Just as sticklers as they are for that damn waiver, I can be a stickler and say the law DOES NOT say a waiver must be given, but only CONSENT OBTAINED. Color me didactic, but “consent” is defined as “permission”. Usually, an affirmative answer like “yes” means you agree.
I will never forgive State of California DSS and Don Mencarini for this. They are tyrants and cowards more interested in covering their own asses than in doing what is right.
From Kevan:
Oh, and by the way, the form for sibling contact is titled:
“Waiver of Rights to Confidentiality for Siblings”. The form they have for contact between birth parents and adoptees is titled:
“Consent for Contact”
Anyone smell a rat here?

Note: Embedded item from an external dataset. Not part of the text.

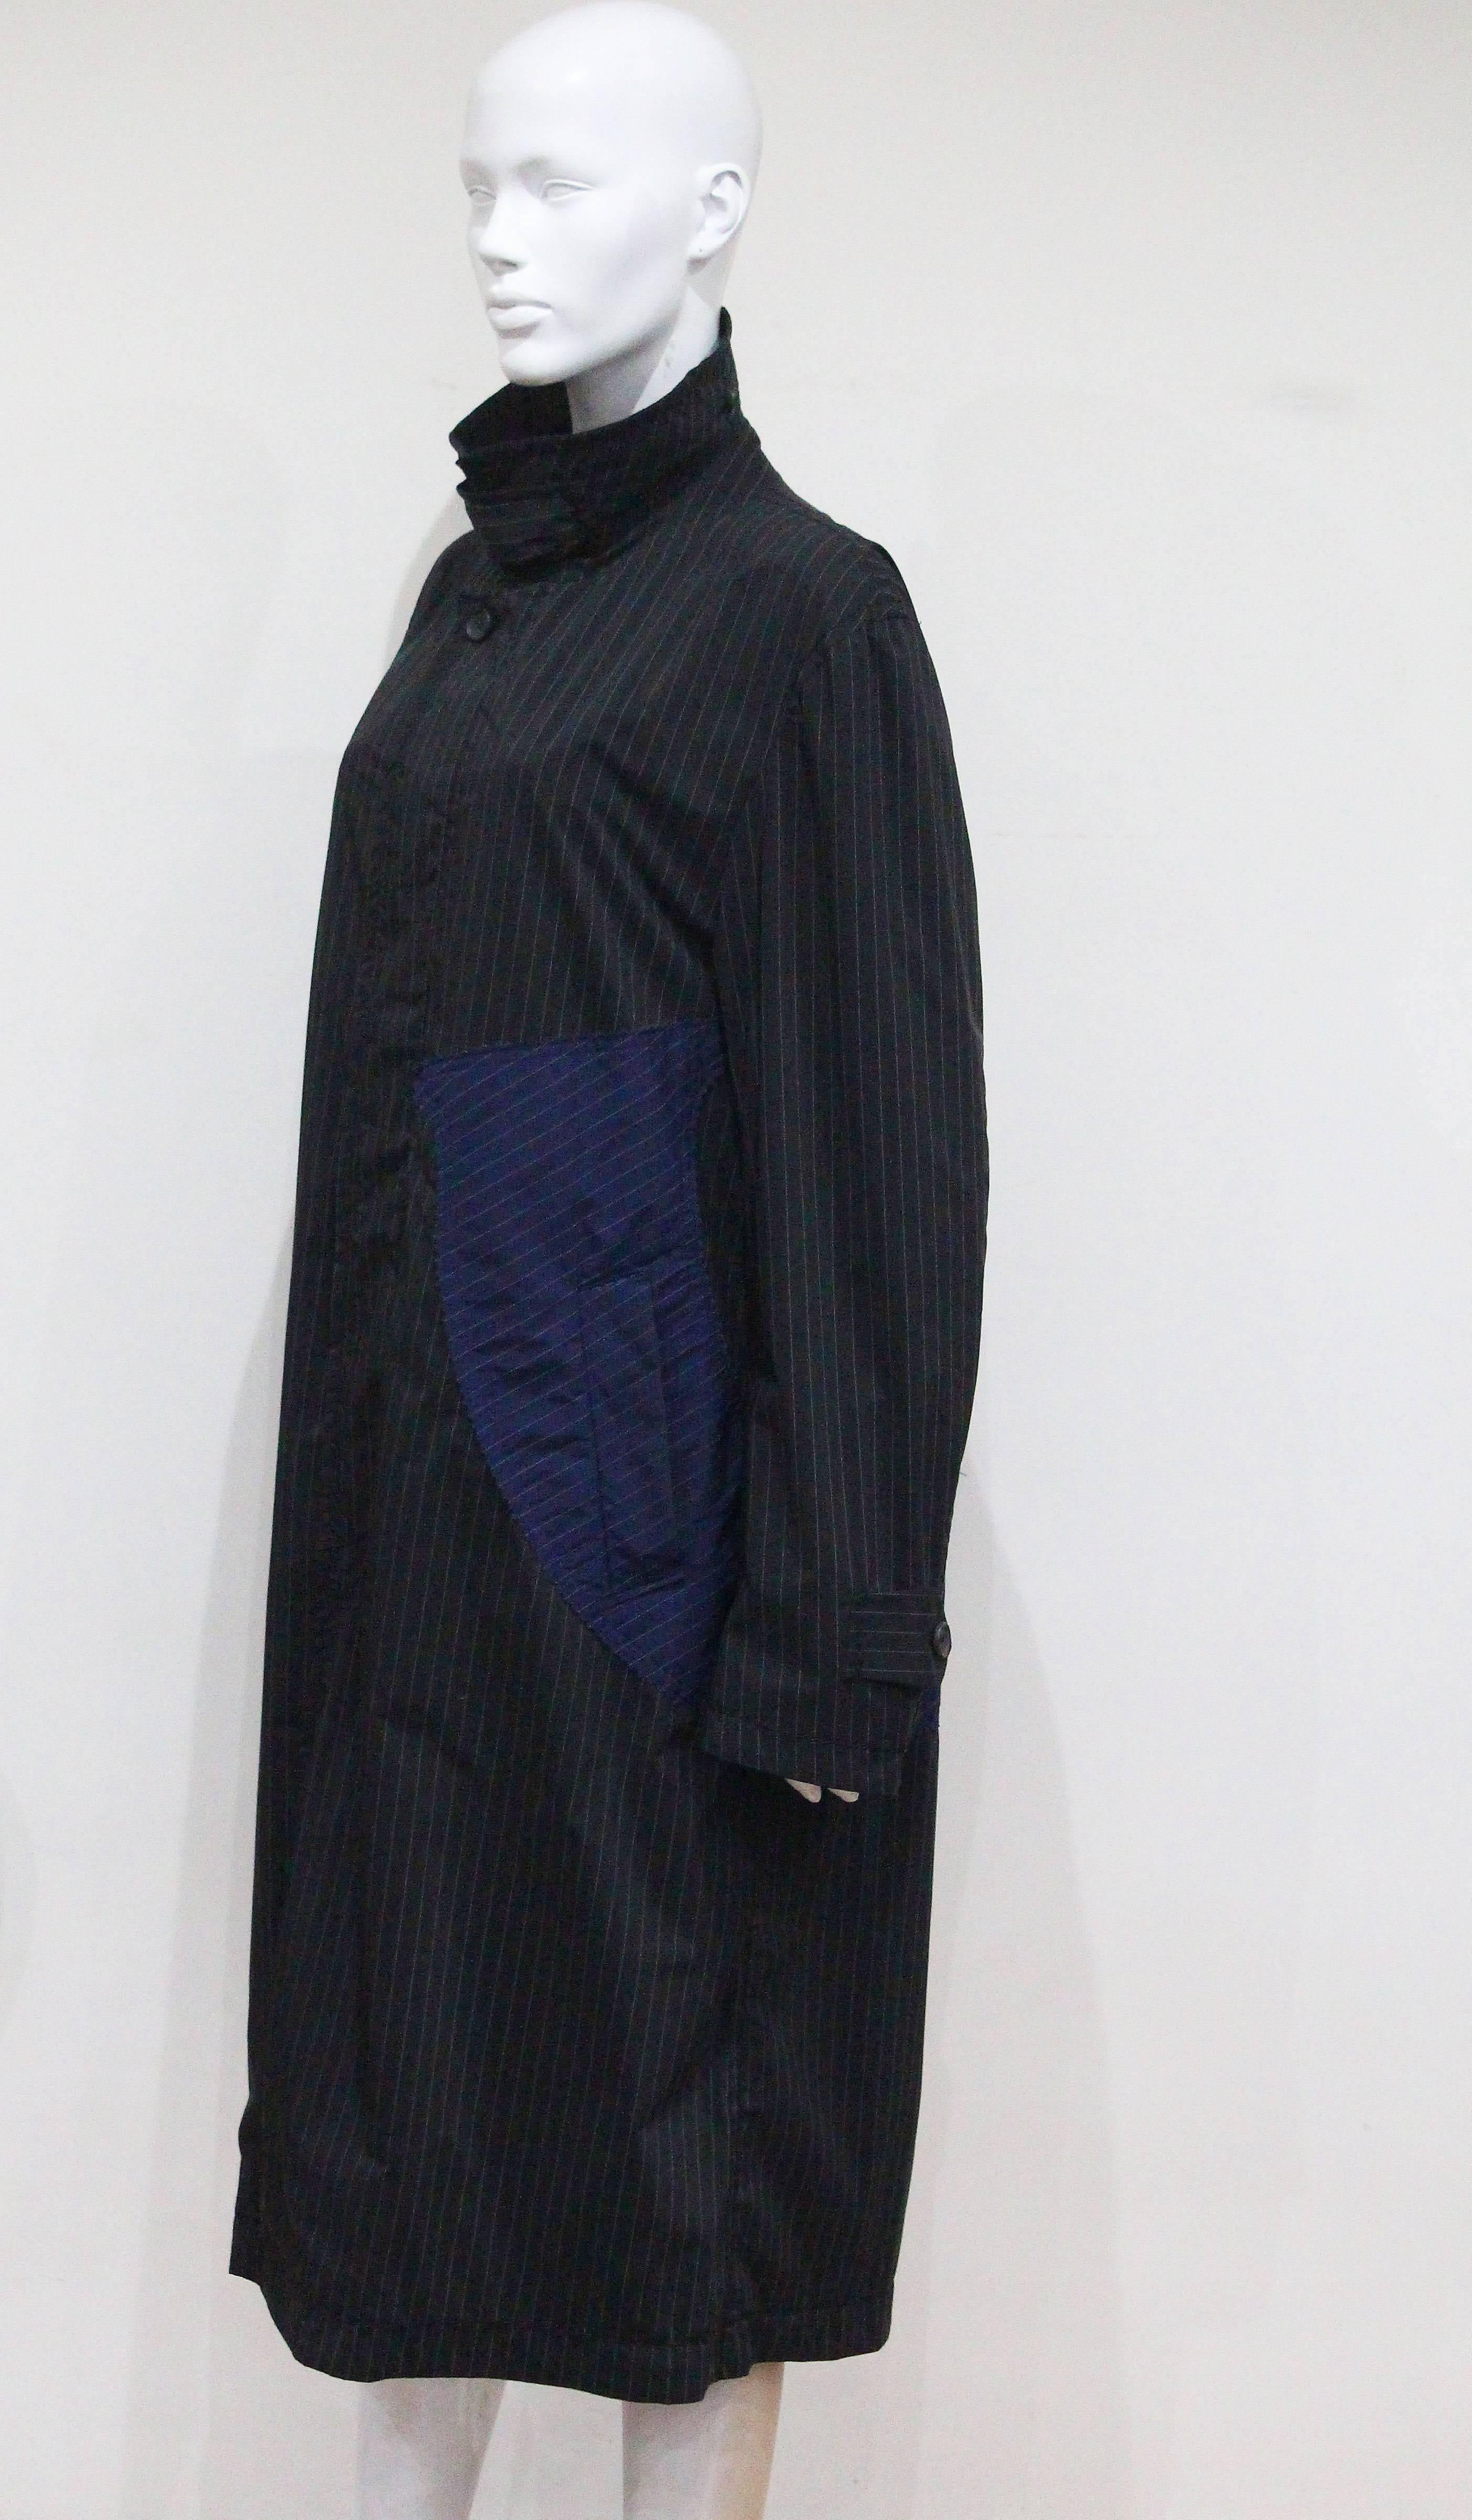 Black Issey Miyake pinstripe windbreaker coat, c. 1990s

I do. And the rat’s name is Don Mencarini.
The instructions on the form say:
“This form must be witnesses by a representative of the California Department of Social Services (CDSS) or a California (CA) adoption agency licensed by CDSS, or notarized by a Notary Public.”
It also has a box to be checked that says “By signing this form, I voluntarily and knowingly waive my rights to the confidentiality of personal information known or contained in the files of the CDSS or the CA licensed adoption agency and give my consent to the CDSS or the CA licensed adoption agency to disclose my name and address to my sibling so he/she may contact me.”

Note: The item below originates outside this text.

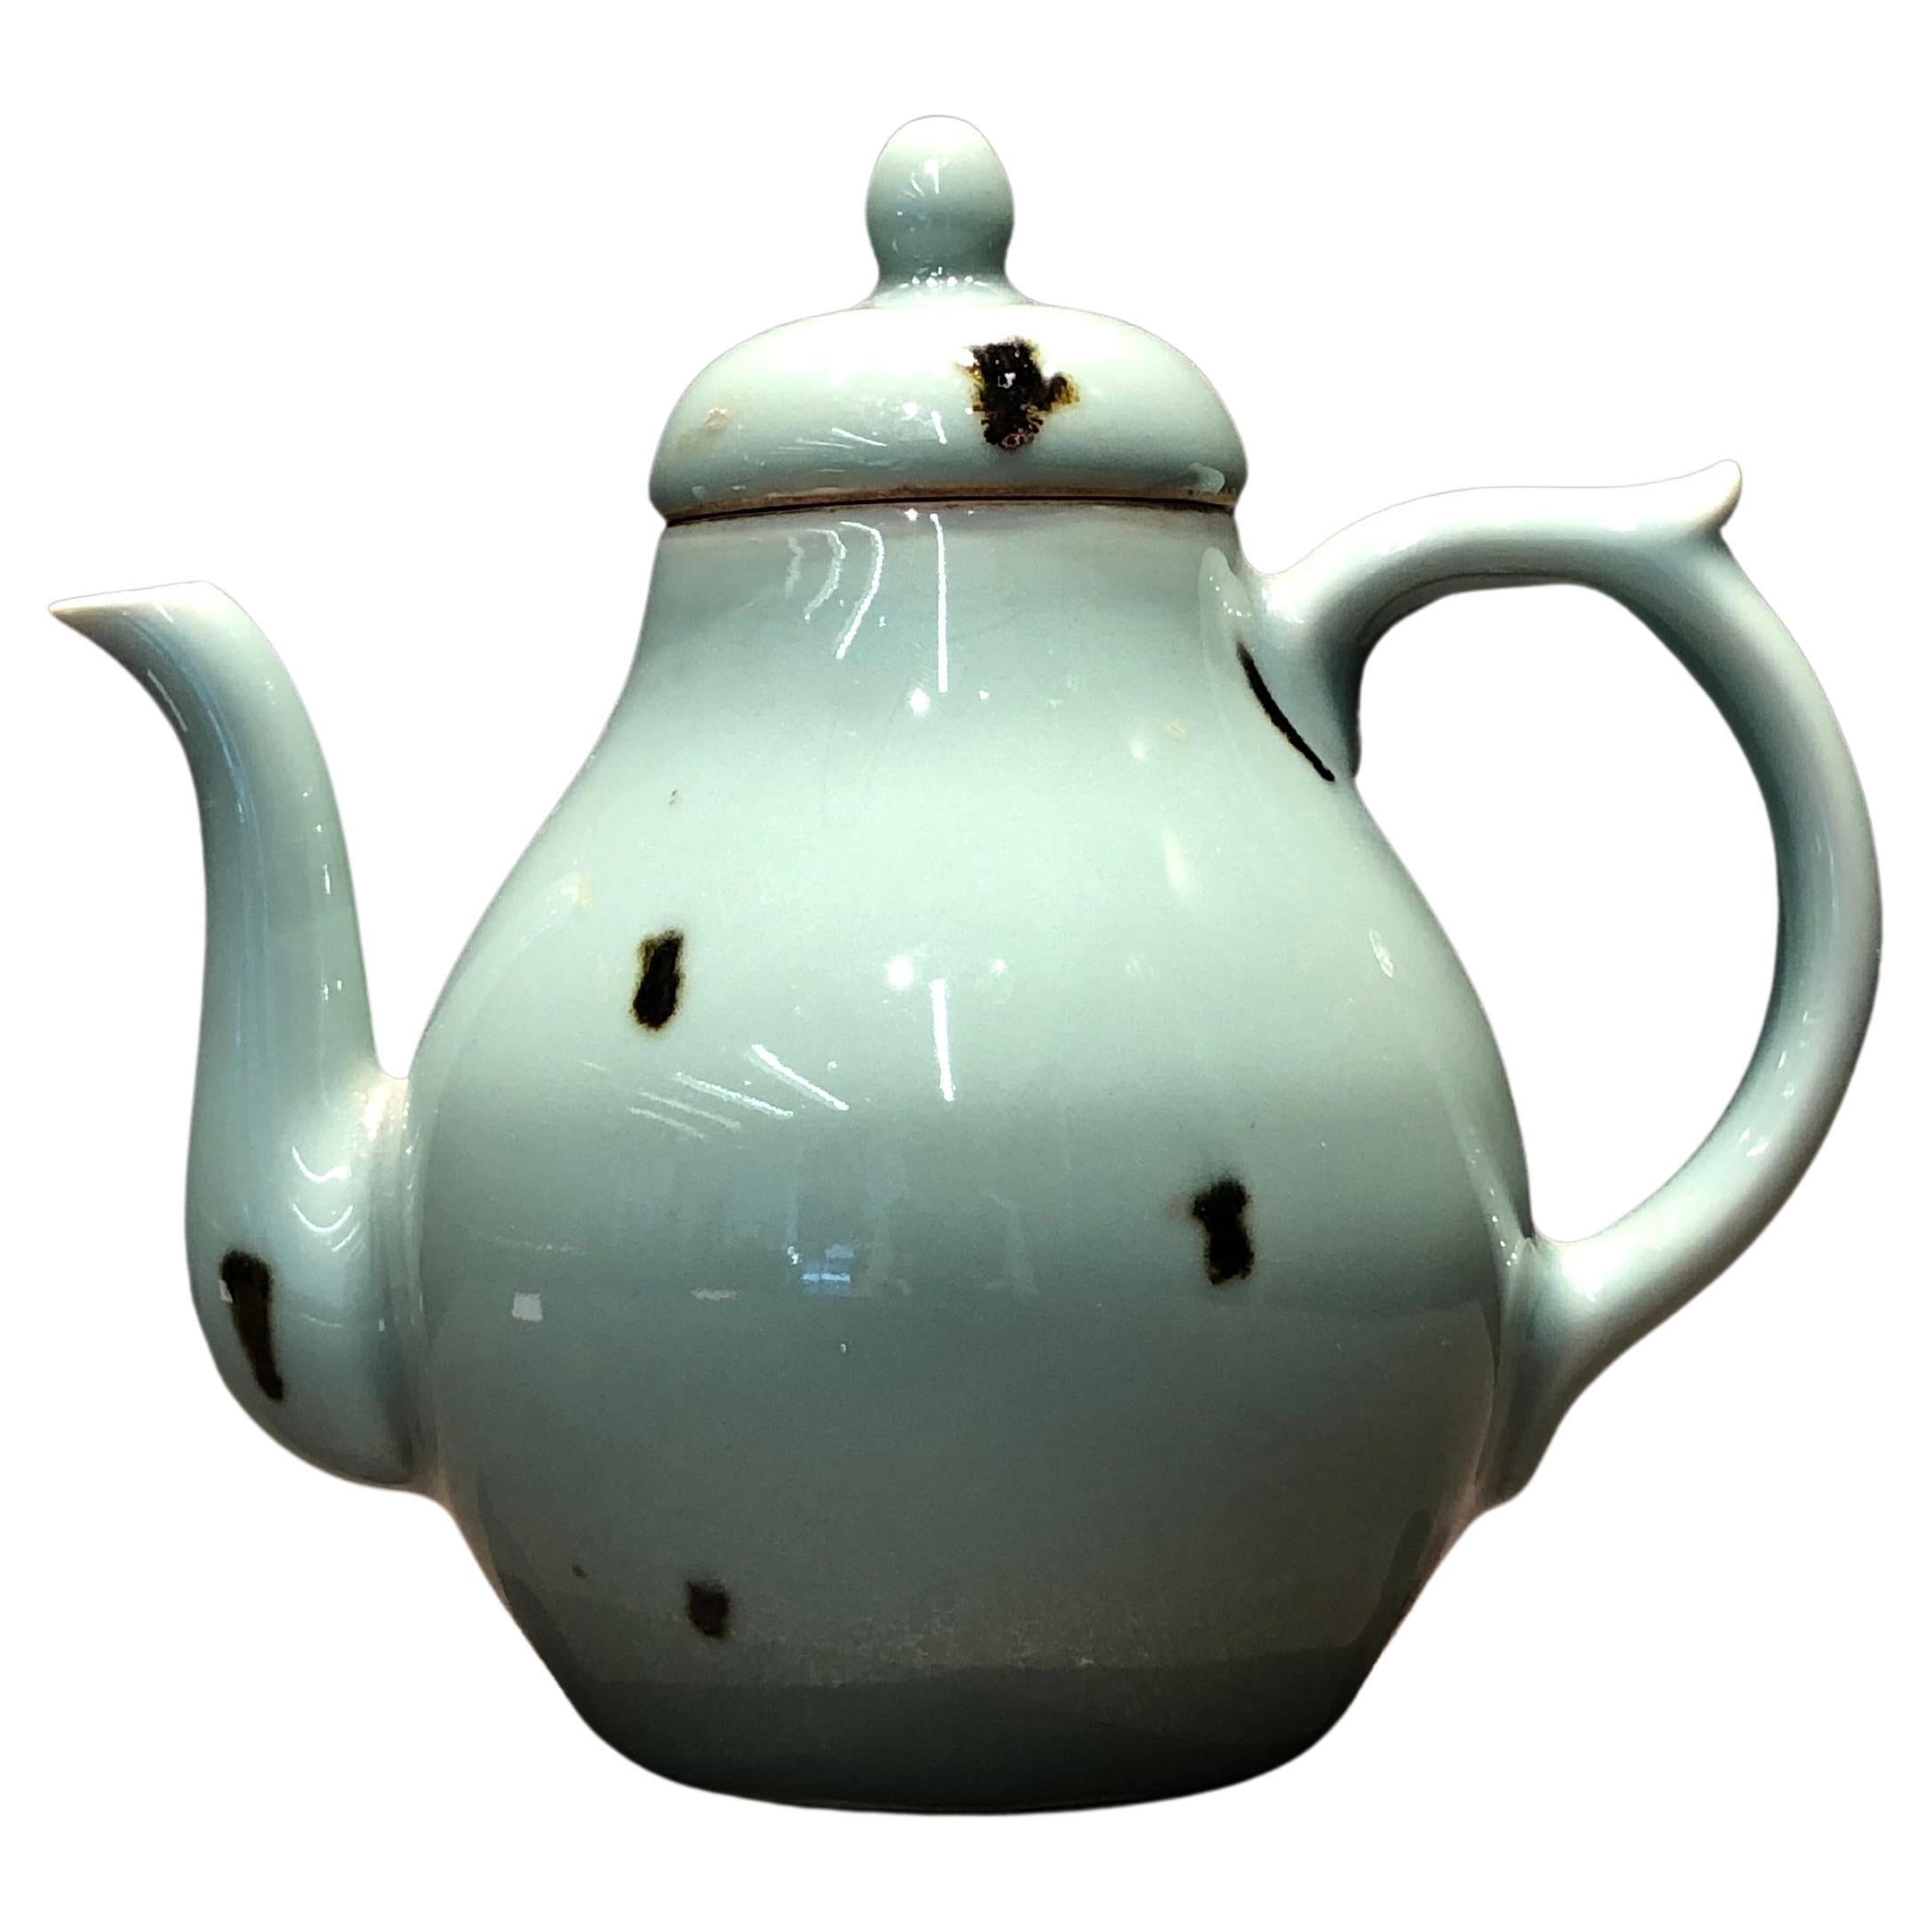 Japanese Dot Designed China Teapot, Taisho Period

BUT!!!!! The “Consent for Contact” form for birth parents /adoptees has the same box to check that says:
“By signing this form, I voluntarily give my consent to the CDSS or licensed adoption agency to disclose my name and address to my birth parent(s) so that he/she may contact me.”
NOW are you smelling a rat? I am and his name is still Don Mencarini.
Oh, and a separate form exists for siblings under 18, so they can’t claim that’s the whole reason for the threatening language in the sibling waiver.
Kevan
Part of their whole deal must be keeping this CI system about as well-known as the putative father registries. I live in California, am active in the adoption reform community, get lots of adoption emails daily – and I have heard zilch about any CI system here!
However, the California Birth Index does make searching much easier that it is in many states.
From Kevan:
Well, I just got off the phone with Don Mencarini at CDSS today, 01NOV07 1520HRS MST.
He told me he did mail my brother the health information I sent. At least he did that. But when asked why this law requires the negatively worded waiver as opposed to the sweetly-worded Consent for Contact form for birthparents, he dumped it Leno’s lap. LOL! He told me, “The Assemblymember who wrote the bill is responsible.” Ya don’t say! If Don is to be believed. And that Leno is the one who stipulated a waiver as opposed to just giving consent over the phone.
Well, well, well, if we are to believe Sir Don, then it appears our pal Mark Leno is just as I described. The truth is probably something more than that. It’s probably more like CDSS was TELLING Mark Leno what to write and he was happy to comply in order to look like the Shining Knight on Horseback.
Personally, I wouldn’t buy a used car from Don OR Mark Leno. I can tell you this Ford Pinto of a CI law dropped the tranny, blew a head gasket, and blew all four tires just pulling off the damned lot. I suppose now they can sell the new CI law as, “Yep, this is a great like-new CI law! It’s only been used by a little 40 year old guy in Flagstaff, Arizona! Hey, take it today and we’ll throw in some new seat covers.”
WTF, over? Roger that.
Kevan
ARGH! I feel ya, Kevan. I’m going through exactly the same thing with Holt International right now.
Third party in this case equals a CORPORATION. Like I can trust THEM to represent my interests, when they’re the people who sold me in the first place! I can hear the conversation with my possible sister now, “this crazy girl keeps insisting we contact you because she thinks you might be her sister. You can see what she wants, or maybe if you ignore it she will go away.”
Back door to finding your parents my arse…separating sibling groups is/should be a criminal offense. Nobody’s going to be hurt by allowing us to make first contact ourselves.
That waiver stinks and I hope you can find a legislator to help Californians get the language changed.